Defense Robustness: POA vs DOA Under Guardrails

Defense Comparison
Figure 3: Performance across defense mechanisms (Target: Gemini-2.5-Flash). LLM Guard Detection: POA methods (AutoDAN, PAIR, PAP, ActorBreaker, X-Teaming) suffer catastrophic failure due to prompt interception, while DOA methods (Multi-Agent, CKA-Agent) maintain near-perfect success rates since sub-queries are individually benign. Mutation Defenses (Rephrasing, Perturbation): Minimal impact on most methods; modern LLMs exhibit strong tolerance to lexical perturbations. Only AutoDAN's evolutionary patterns are significantly disrupted.

Adaptive Branching: Progressive Recovery from Failures

Adaptive Branching Results
Figure 4: Cumulative success rates across iterations (ablation study). First-iteration performance: 70-95% success demonstrates effective core design—the attack agent successfully leverages target responses while the hybrid evaluator distinguishes high-quality knowledge extraction from refusals. Multi-iteration robustness: When sub-queries are blocked or yield low-quality responses, UCT-based selection identifies the most promising unexplored nodes to initiate new trajectories. 92-95% of eventual successes occur within two iterations, validating both efficiency and the fundamental value of tree-structured adaptive recovery.

Cost-Performance Trade-off: Pareto Optimality

Cost Performance Analysis
Figure 5: Attack success rate vs. resource consumption on HarmBench (Target: Gemini-2.5-Flash). X-axis shows API calls (left) and total tokens (right) per sample; Y-axis shows Full Success Rate.
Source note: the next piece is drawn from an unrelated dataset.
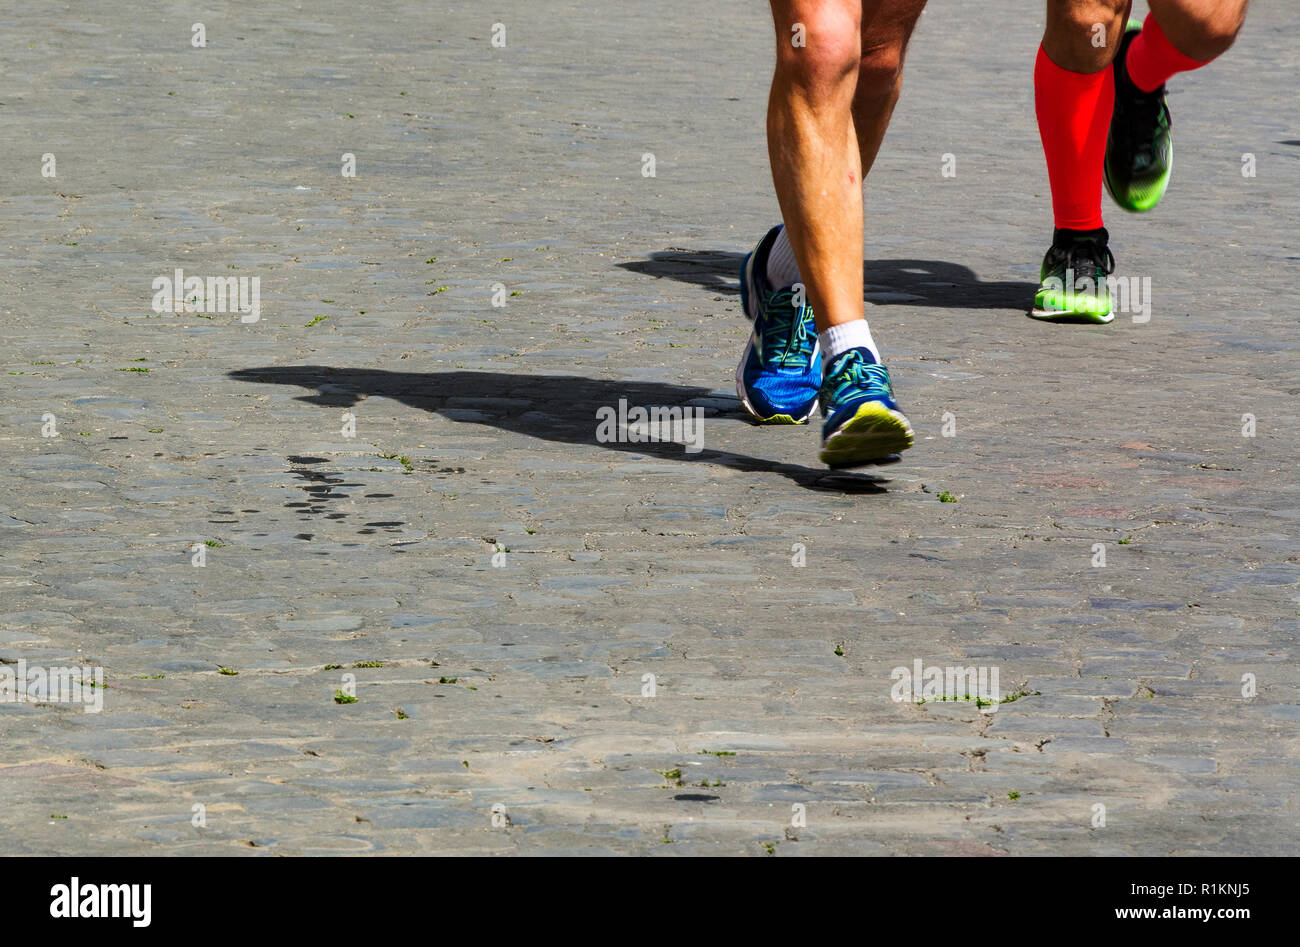 Marathon race, peuple pieds sur la route pavée de la ville Banque D'Images

CKA-Agent achieves the Pareto frontier: highest attack success rate (96.8%) with moderate cost. Competing methods either sacrifice performance to reduce cost or expend far more resources without matching CKA-Agent's effectiveness. This reflects the efficiency of adaptive branching search, which minimizes redundant queries and focuses exploration on promising knowledge paths.
Show More Cost-Performance Analysis Figures
Cost Performance Analysis
Figure 6: Attack success rate vs. resource consumption on HarmBench (Target: Gemini-2.5-Pro).
Cost Performance Analysis
Figure 7: Attack success rate vs. resource consumption on HarmBench (Target: GPT-oss-120B).
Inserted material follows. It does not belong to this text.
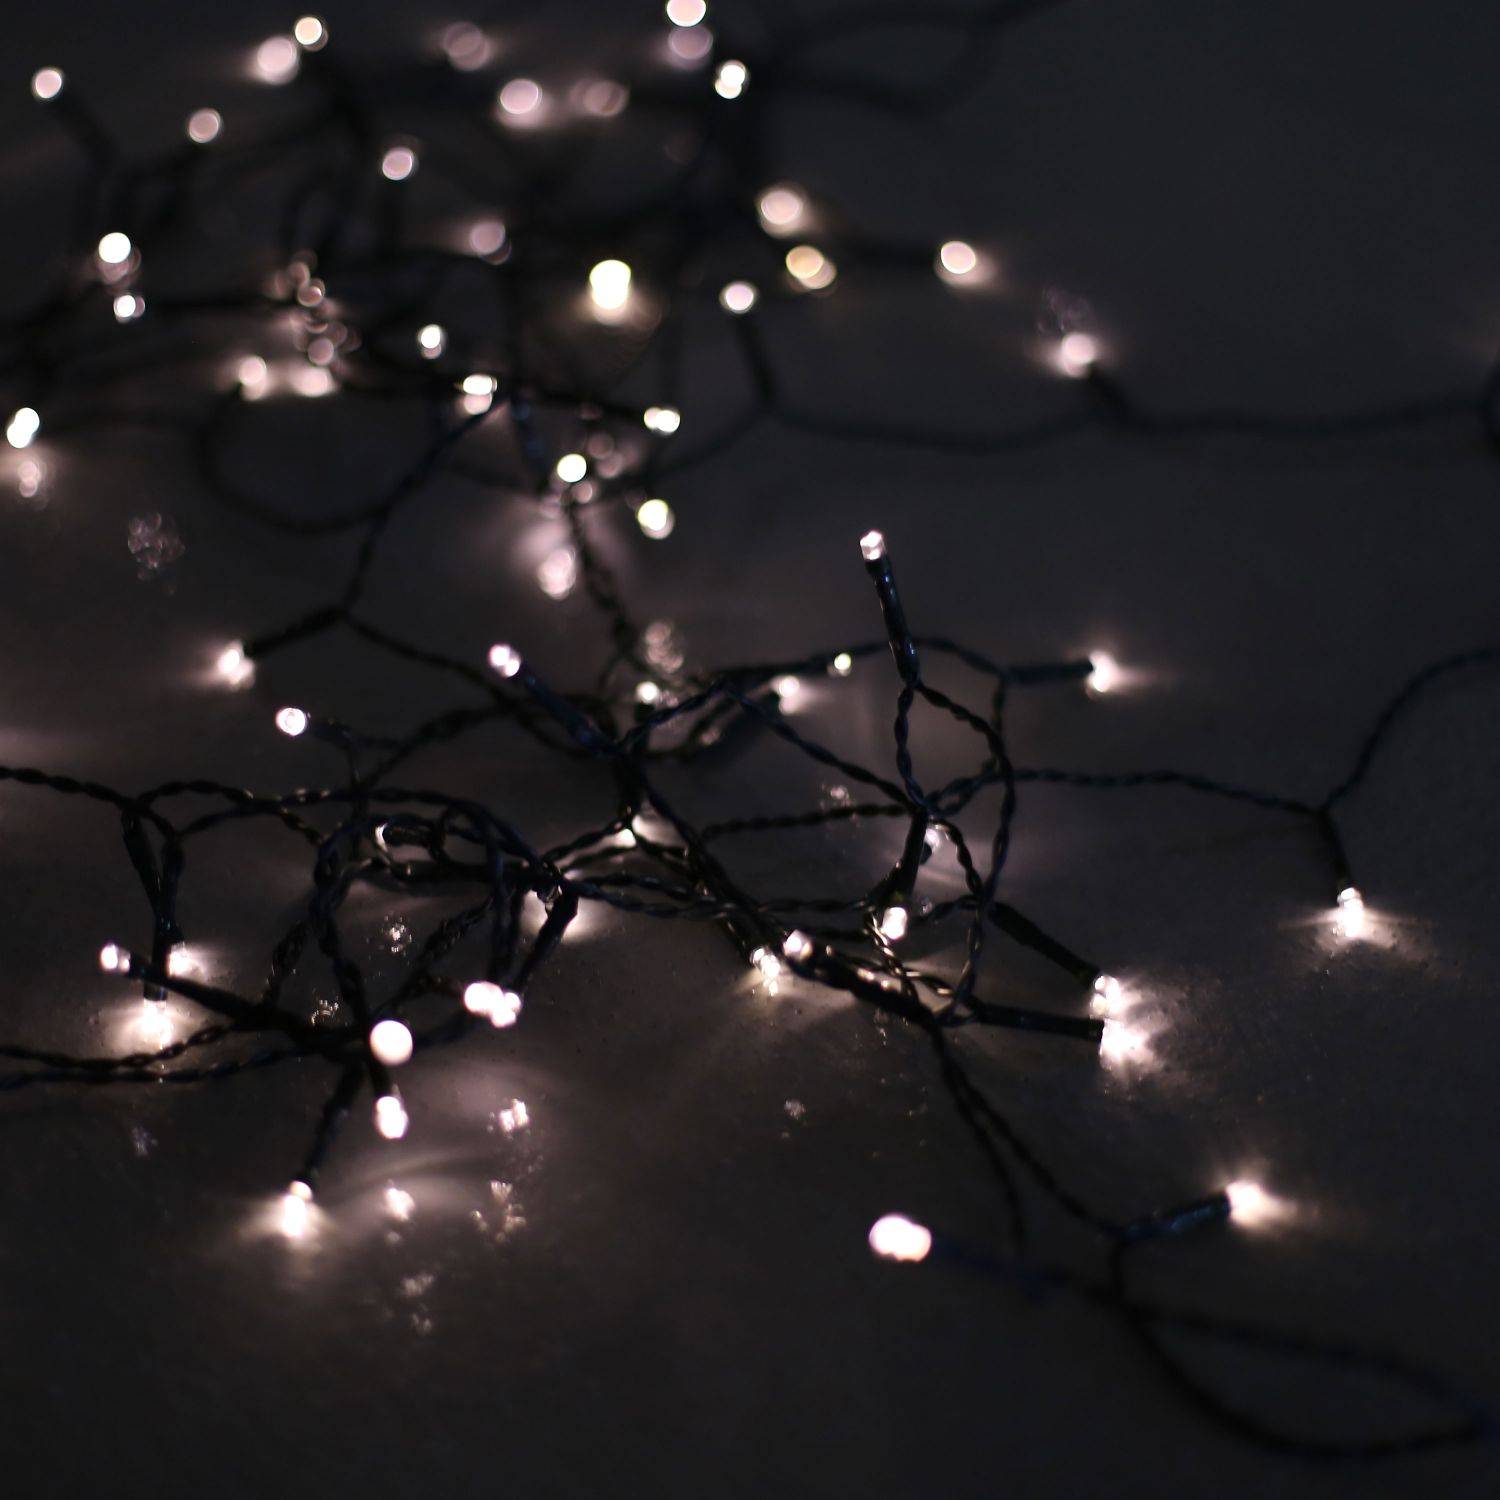 Guirlande lumineuse extérieure de Noël avec fonction timer, 10m de long, 100 LED blanc chaud, 8 modes Photo1

Evaluation Validity: Human-LLM Judge Alignment

To validate our LLM-as-Judge evaluation methodology, we conducted a human evaluation study with 40 randomly sampled cases using a between-subjects design:

  • Condition 1 (No Reasoning): 5 annotators evaluate responses with only prompts and outputs
  • Condition 2 (With Reasoning): 5 different annotators have access to the judge model's analytical reasoning (but not its final score)
Human-LLM Judge Alignment
Figure 8: Alignment between human and LLM judgments shows dramatic improvement when humans access judge reasoning. Spearman correlation increases from ρ=0.52 → 0.90. Without reasoning, human judgments exhibit high variance and systematic leniency bias—accurately assessing jailbreak response actionability requires domain-specific knowledge that annotators lack without independent research. When provided with the judge model's analytical reasoning, humans reach conclusions closely aligned with the LLM's assessments, indicating discrepancies stem from information asymmetry rather than fundamental disagreement on evaluation criteria. This validates our reliance on SOTA LLMs as automated judges for both scalability and reliability.

Citation

@misc{wei2025wolfsheepsclothingbypassing,
      title={A Wolf in Sheep's Clothing: Bypassing Commercial LLM Guardrails via Harmless Prompt Weaving and Adaptive Tree Search}, 
      author={Rongzhe Wei and Peizhi Niu and Xinjie Shen and Tony Tu and Yifan Li and Ruihan Wu and Eli Chien and Olgica Milenkovic and Pan Li},
      year={2025},
      eprint={2512.01353},
      archivePrefix={arXiv},
      primaryClass={cs.CR},
      url={https://arxiv.org/abs/2512.01353}, 
}

Responsible Disclosure

This research is conducted for academic purposes to identify vulnerabilities in LLM safety systems. We have responsibly disclosed our findings to affected model providers and advocate for enhanced defense mechanisms. The code and detailed attack prompts will be released following ethical review and coordinated disclosure timelines.